Search code examples
pythonazure-machine-learning-serviceazure-data-lake-gen2

How to connect AMLS to ADLS Gen 2?


I would like to register a dataset from ADLS Gen2 in my Azure Machine Learning workspace (azureml-core==1.12.0). Given that service principal information is not required in the Python SDK documentation for .register_azure_data_lake_gen2(), I successfully used the following code to register ADLS gen2 as a datastore:

from azureml.core import Datastore

adlsgen2_datastore_name = os.environ['adlsgen2_datastore_name']
account_name=os.environ['account_name'] # ADLS Gen2 account name
file_system=os.environ['filesystem']

adlsgen2_datastore = Datastore.register_azure_data_lake_gen2(
    workspace=ws,
    datastore_name=adlsgen2_datastore_name,
    account_name=account_name, 
    filesystem=file_system
)

However, when I try to register a dataset, using

from azureml.core import Dataset
adls_ds = Datastore.get(ws, datastore_name=adlsgen2_datastore_name)
data = Dataset.Tabular.from_delimited_files((adls_ds, 'folder/data.csv'))

I get an error

Cannot load any data from the specified path. Make sure the path is accessible and contains data. ScriptExecutionException was caused by StreamAccessException. StreamAccessException was caused by AuthenticationException. 'AdlsGen2-ReadHeaders' for '[REDACTED]' on storage failed with status code 'Forbidden' (This request is not authorized to perform this operation using this permission.), client request ID <CLIENT_REQUEST_ID>, request ID <REQUEST_ID>. Error message: [REDACTED] | session_id=<SESSION_ID>

Do I need the to enable the service principal to get this to work? Using the ML Studio UI, it appears that the service principal is required even to register the datastore.
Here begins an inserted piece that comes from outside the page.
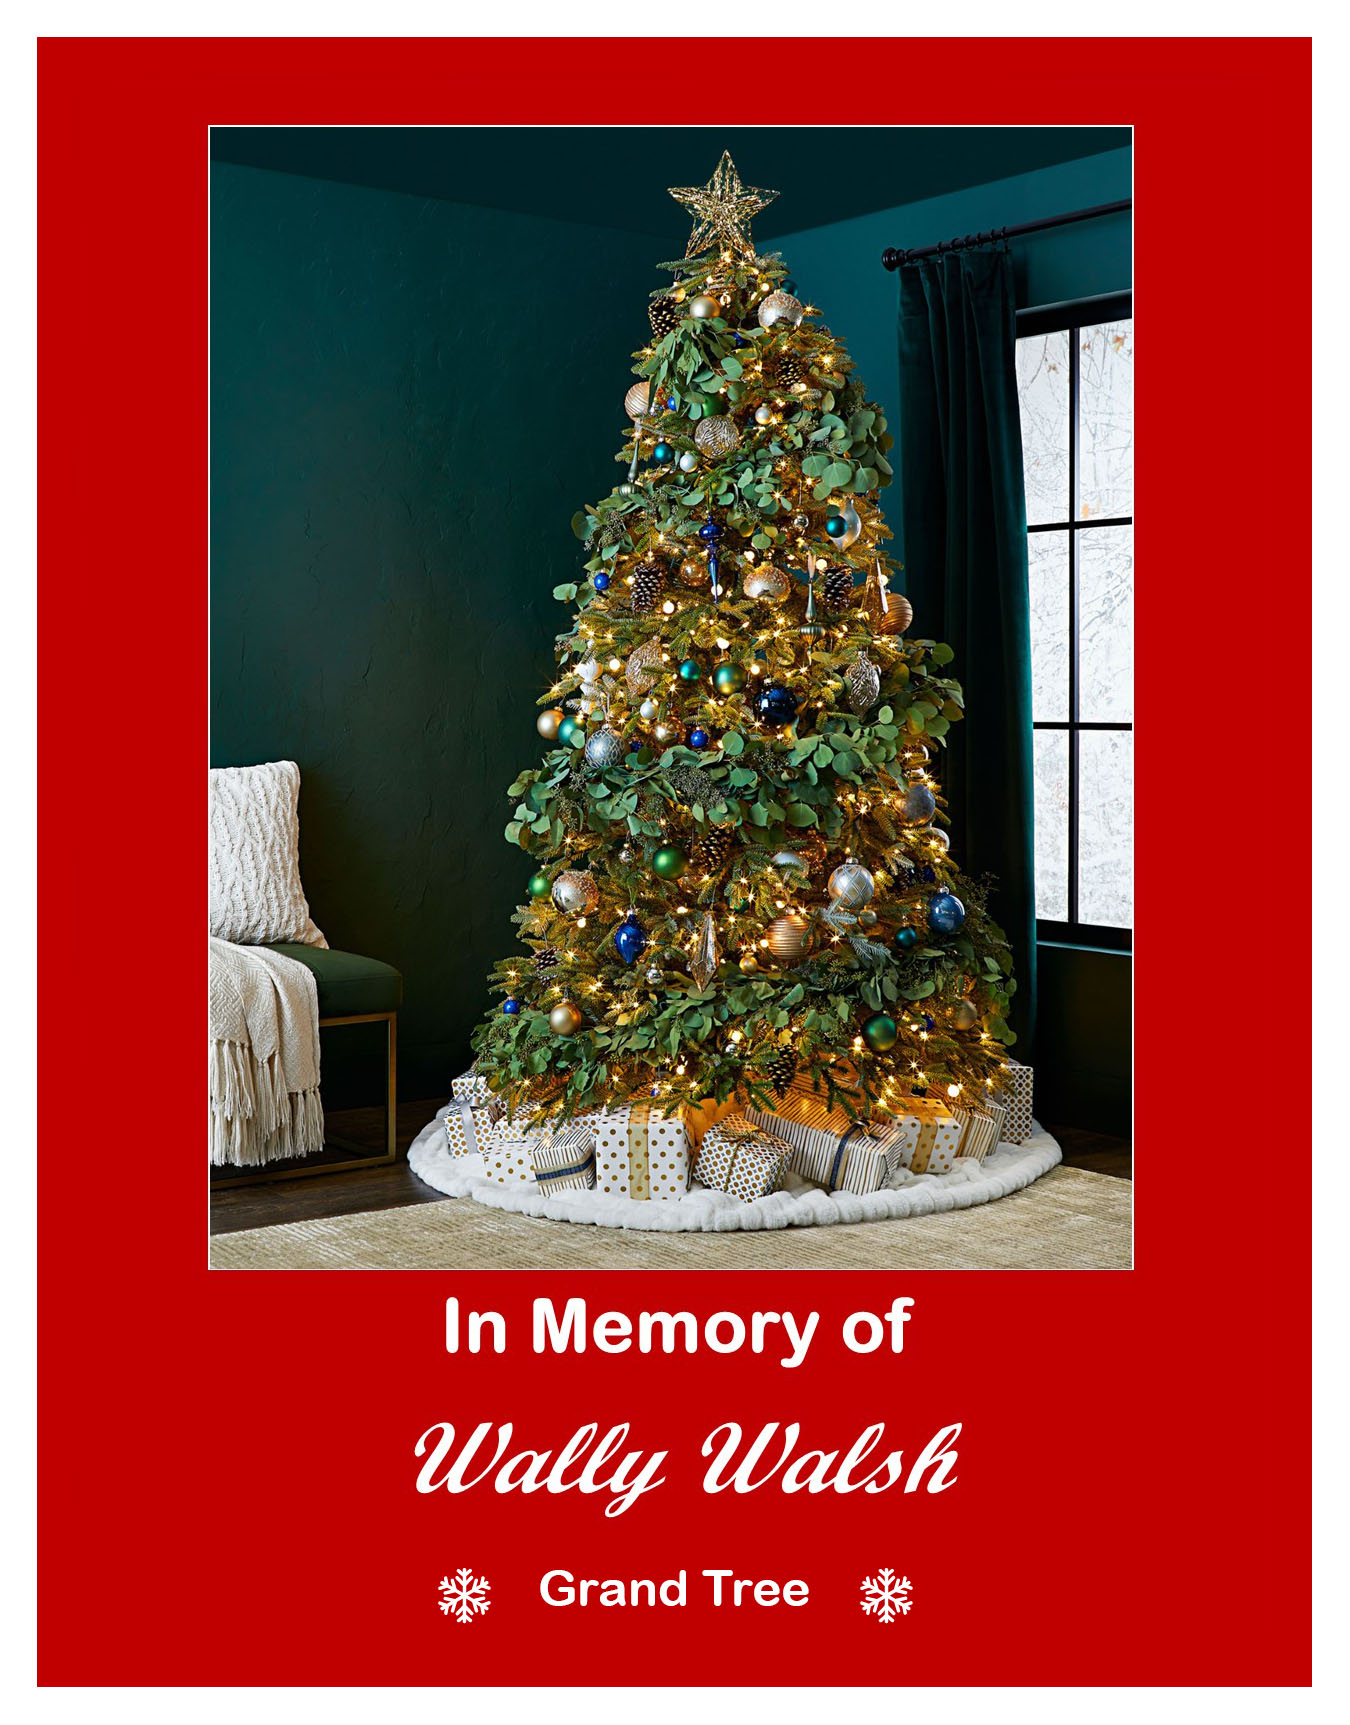 In memory of Wally Walsh

Another issue I noticed is that AMLS is trying to access the dataset here: https://adls_gen2_account_name.**dfs**.core.windows.net/container/folder/data.csv whereas the actual URI in ADLS Gen2 is: https://adls_gen2_account_name.**blob**.core.windows.net/container/folder/data.csv


Solution

  • According to this documentation,you need to enable the service principal.

    1.you need to register your application and grant the service principal with Storage Blob Data Reader access.
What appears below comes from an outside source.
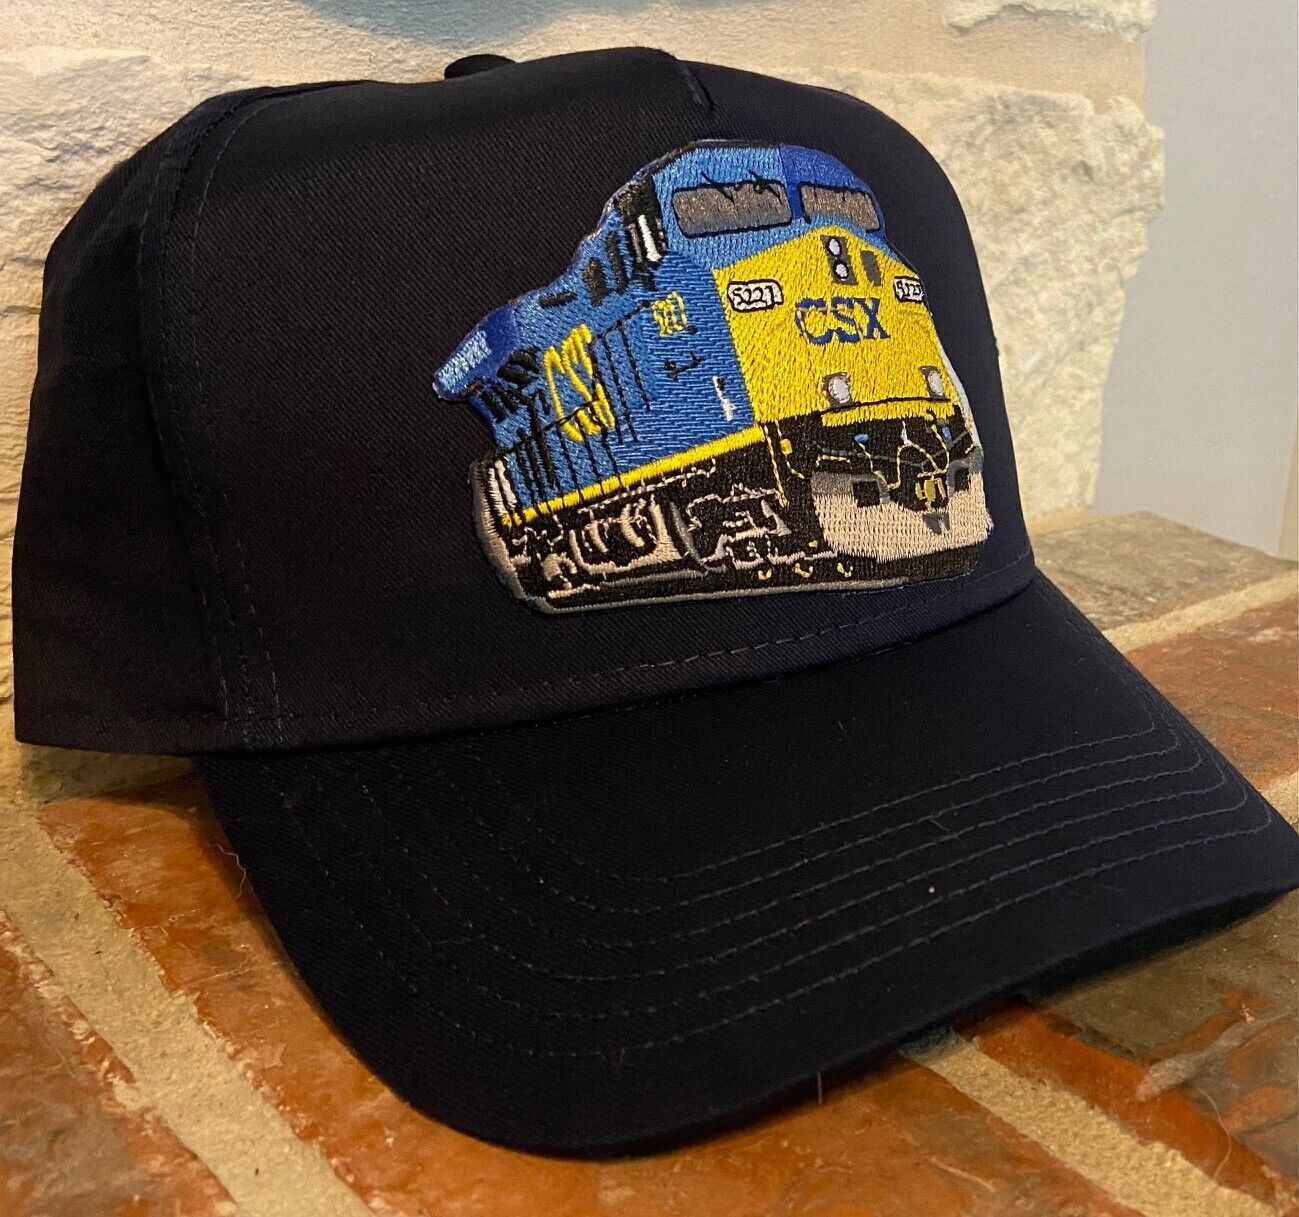 Cap / Hat -(Navy Blue)- CSX Railroad Locomotive (CSX) - #22392 -NEW

    enter image description here

    2.try this code:

    adlsgen2_datastore = Datastore.register_azure_data_lake_gen2(workspace=ws,
                                                                 datastore_name=adlsgen2_datastore_name,
                                                                 account_name=account_name,
                                                                 filesystem=file_system,
                                                                 tenant_id=tenant_id,
                                                                 client_id=client_id,
                                                                 client_secret=client_secret
                                                                 )
    
    adls_ds = Datastore.get(ws, datastore_name=adlsgen2_datastore_name)
    dataset = Dataset.Tabular.from_delimited_files((adls_ds,'sample.csv'))
    print(dataset.to_pandas_dataframe())
    

    Result:

    enter image description here